I had anticipated some of the rewards and discoveries of visiting cities in the process of economic and cultural recovery and re-invention. An unexpected reward has been the chance to get a time-capsule view, a kind of real-life time-line diorama, of how the downtown areas of cities look through all the stages of a decline-and-rise cycle. The declining phase includes hollowing-out and pawn-shop-dominated decay. Then there is spotty and tentative improvement. Finally, if all goes well, full-scale health through a combination of stores, restaurants, theaters, downtown condos, and all the other elements of a region that attracts commercial and human activity through most hours of the night and day.
As I described last month in this post, we’ve seen cities that serve as showpieces of how this process looks once it has succeeded.
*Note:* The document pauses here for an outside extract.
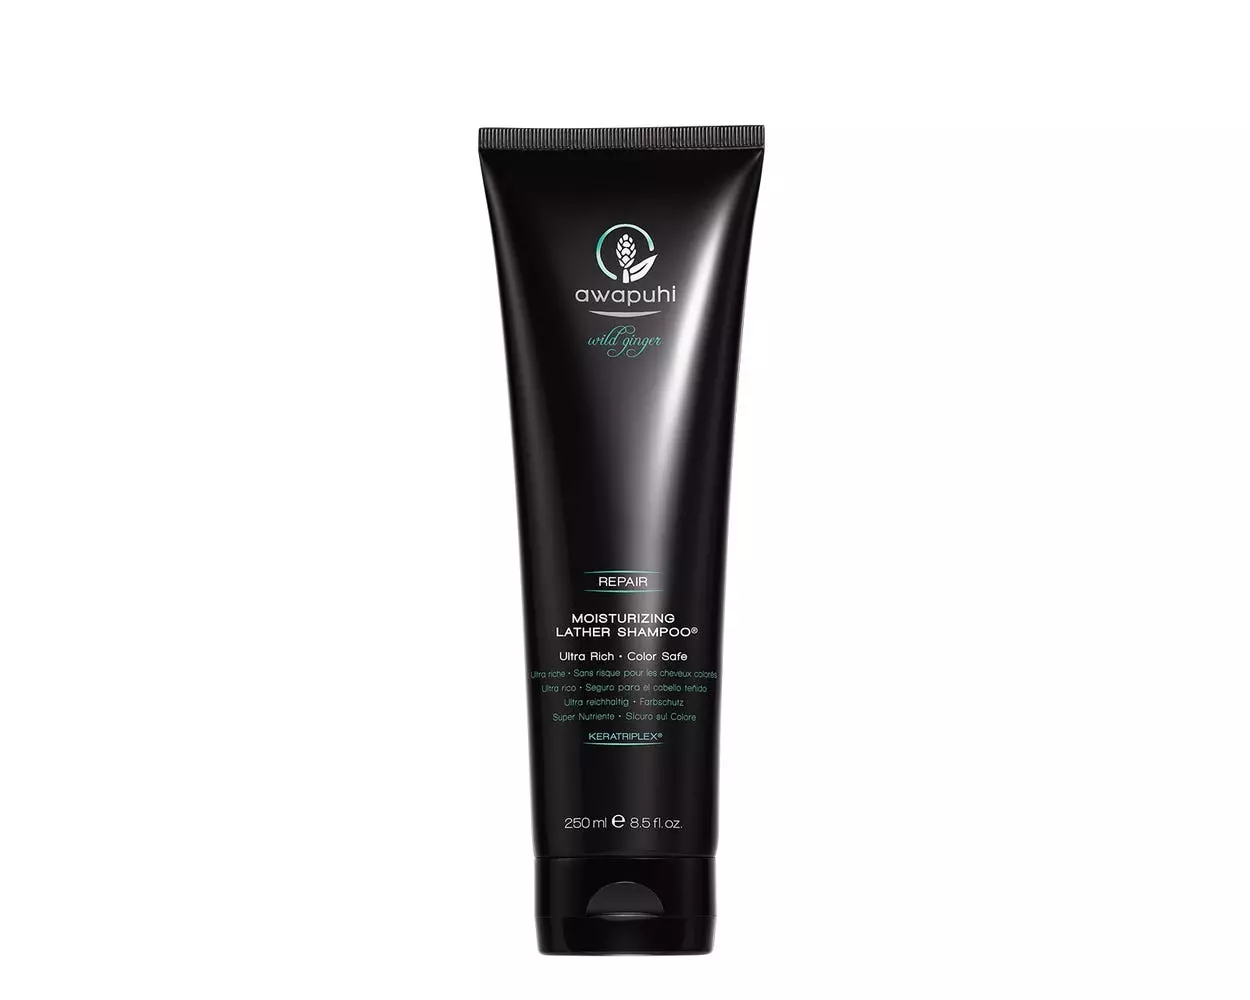 Paul Mitchell Awapuhi Wild Ginger Moisturizing Lather Shampoo, Ultra Rich, Color-Safe Formula, For Dry, Damaged + Color-Treated Hair 8.5 Fl Oz (Pack of 1)

These range from Greenville, South Carolina, to Burlington, Vermont, to Columbus, Ohio, to Holland, Michigan, to Pasadena, California, and others in between. We’ve seen others well along the path toward downtown development: Duluth, Minnesota; Sioux Falls, South Dakota; Riverside and Redlands and Winters, California. And others that still have significant challenges but have taken big steps (like Allentown, Pennsylvania) or are about to (like Fresno, California).
Here’s why I set this out again: It’s tempting, if you haven’t seen the varied stages of this process, to imagine that some cities just “naturally” have attractive and successful downtowns, and others just don’t happen to. It’s like happening to be located on a river, or not.